When Clive`s parents married in 1890 his father`s occupation was recorded as an oil and tallow manufacturer, afterwards he became an auctioneer and then subsequently founded the “Preston Argus” newspaper which appears to have been quite successful. He also went on to write for the Preston Herald newspaper under the pseudonym of “Young Un” for a period of time. His successful career enabled the family to employ a servant and to live in a substantial seven roomed property at 17 Powis Road in Ashton on Ribble.
Clive initially attended St. Andrew`s school in Ashton and then later went on to study at Preston Grammar School. He left the Grammar School in December 1910 and started work as a clerk in his father`s auctioneer`s business.
In 1911 Clive and his sister Ethel were living with their parents in Powis Road and Clive was still working as a clerk for his father. Also living with the family was a 16 year old domestic servant named Agnes J Fisher from Preston. Ethel`s twin sister Florence had left home and was living at 16 Fishergate in the centre of Preston where she was working as a baker`s assistant in the employ of Mary Woods a confectioner.
At some stage Clive also appears to have become a performer, appearing on stage at the Theatre Royal in Preston as a duettist and humourist alongside his friend Harold Fazackerley. The following photograph appeared in the Preston Guardian on the 26th September 1914.

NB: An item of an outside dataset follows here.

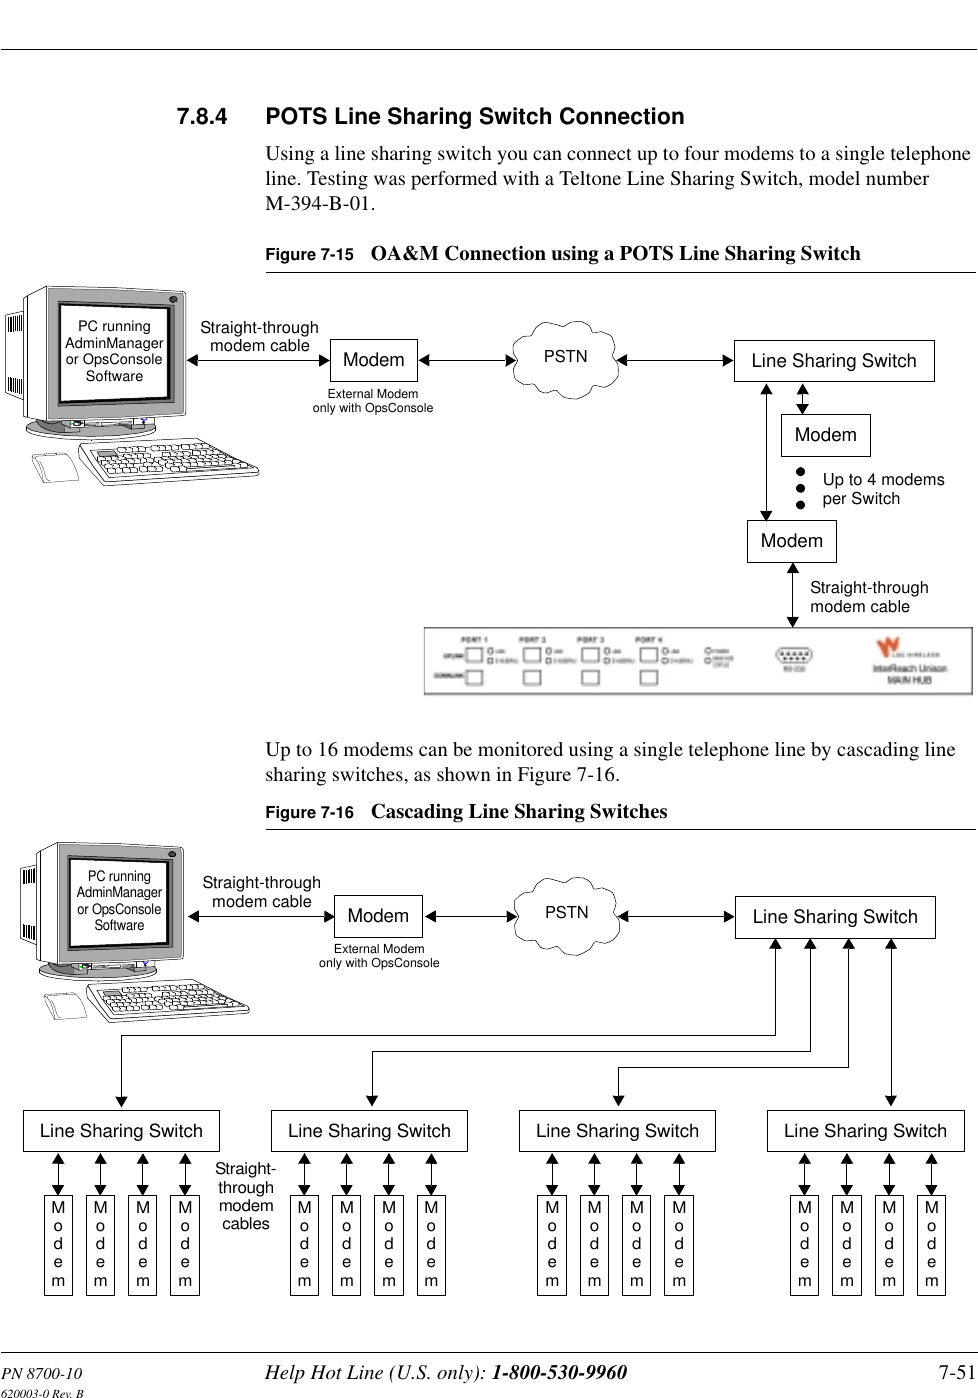 PN 8700-10 Help Hot Line (U.S. only): 1-800-530-9960 7-51620003-0 Rev. B7.8.4 POTS Line Sharing Switch ConnectionUsing a line sharing switch you can connect up to four modems to a single telephone line. Testing was performed with a Teltone Line Sharing Switch, model number M-394-B-01.Figure 7-15 OA&amp;M Connection using a POTS Line Sharing SwitchUp to 16 modems can be monitored using a single telephone line by cascading line sharing switches, as shown in Figure 7-16.Figure 7-16 Cascading Line Sharing SwitchesModemPSTNLine Sharing SwitchUp to 4 modemsper SwitchModemModemStraight-throughmodem cablePC runningor OpsConsoleSoftwareAdminManager Straight-throughmodem cableExternal Modemonly with OpsConsoleModemPSTNLine Sharing SwitchLine Sharing Switch Line Sharing Switch Line Sharing Switch Line Sharing SwitchModemModemModemModemModemModemModemModemModemModemModemModemModemModemModemModemPC runningor OpsConsoleSoftwareAdminManagerStraight-throughmodem cableStraight-throughmodemcablesExternal Modemonly with OpsConsole

The outbreak of war unfortunately meant that Clive had to put his theatrical career on hold and on the 7th September 1914 he enlisted at Preston. He joined “D” Company (Preston Pals) of the 7th (Service) Battalion the Loyal North Lancashire Regiment and was allocated the service number 13064. He confirmed his occupation was a clerk; he was unmarried and had no previous military experience. The Medical Officer noted that he had a fair complexion, blue eyes and auburn hair. Clive named his father John Whittle of 17 Powis Road, Ashton on Ribble as his next of kin.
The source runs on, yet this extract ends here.